Da Macron für die 2017 anstehenden Präsidentschaftswahlen sehr viele Stimmen braucht, um überhaupt eine Chance zu haben, wird sein Wahlkampfprofil entsprechend eingerichtet. Sogar mit einer eigenen Partei, denn natürlich hat Macron den Sozialisten längst den Rücken gekehrt und mit »En Marche« schließlich eine sogenannte Bewegung installiert, der doch eigentlich alle beitreten könnten, denn, Originalton Macron, der »Mozart der Finanzen« (Closer [Berlusconi]): »Es ist eine Bewegung, die nicht rechts und die nicht links sein wird.« Ebenfalls eine sehr hübsche Idee, wenngleich ein wenig anstrengend. Denn nun muss Macron beide Seiten bedienen. Die Rechte hat genügend Beweise dafür, dass er kein Linker ist, auch sein verbales Politbekenntnis, »dass ich kein Sozialist bin«. Die Linke hingegen wird mit Vieldeutigkeiten gefüttert. Le Point (Pinault): »­MACRON. Und warum nicht er? Wie er das System zerschlagen will«.

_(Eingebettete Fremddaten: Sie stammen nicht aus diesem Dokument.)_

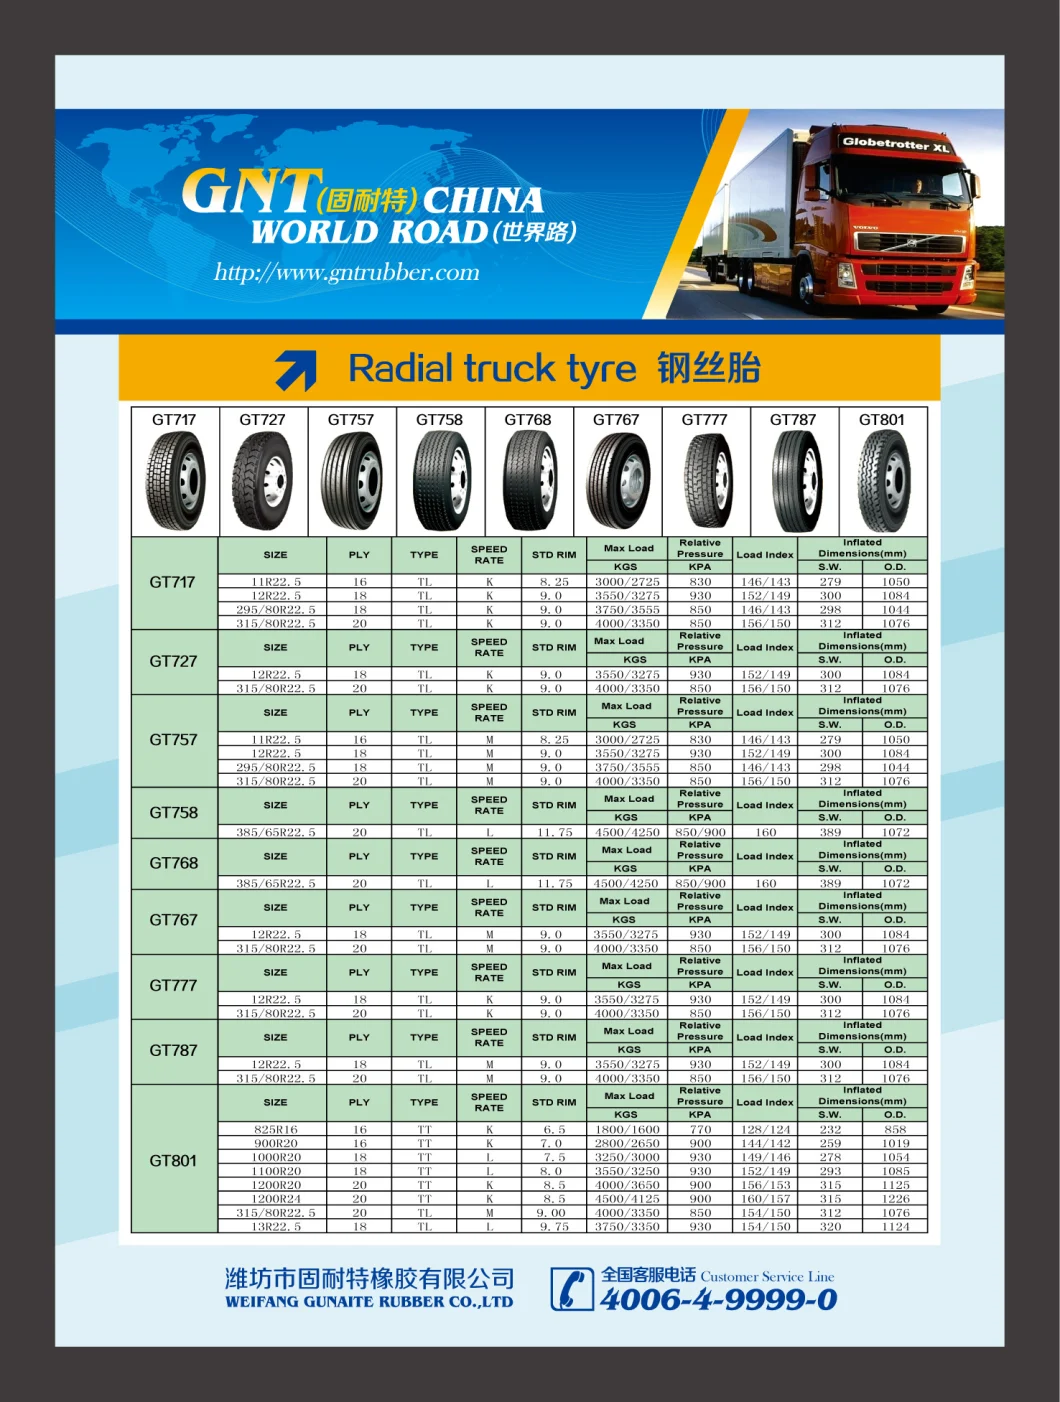 Heavy Duty Truck Tire, Radial Truck Tire (11R22.5)

Also doch ein antikapitalistischer Linker? Aber um welches System geht es hier eigentlich? Gar um das französische Sozialsystem? Und worum geht es in seinem 2017 erschienenen Buch mit dem starken Titel »Révolution«? Natürlich, es geht um Konterrevolution, doch das soll nicht jeder gleich merken. Dann passiert es: Nach dem 7. Mai 2017 darf Macron in den Élysée-Palast einziehen. Eine »nie dagewesene Katastrophe für die französische Linke«, kommentiert Éric Stemmelen. Er hätte auch schreiben können: diese Linke, eine Katastrophe für Frankreich – und die deutsche Linke lässt grüßen. Diesen außerordentlich informativen und zudem auch noch spannenden Politkrimi sollte sich niemand entgehen lassen.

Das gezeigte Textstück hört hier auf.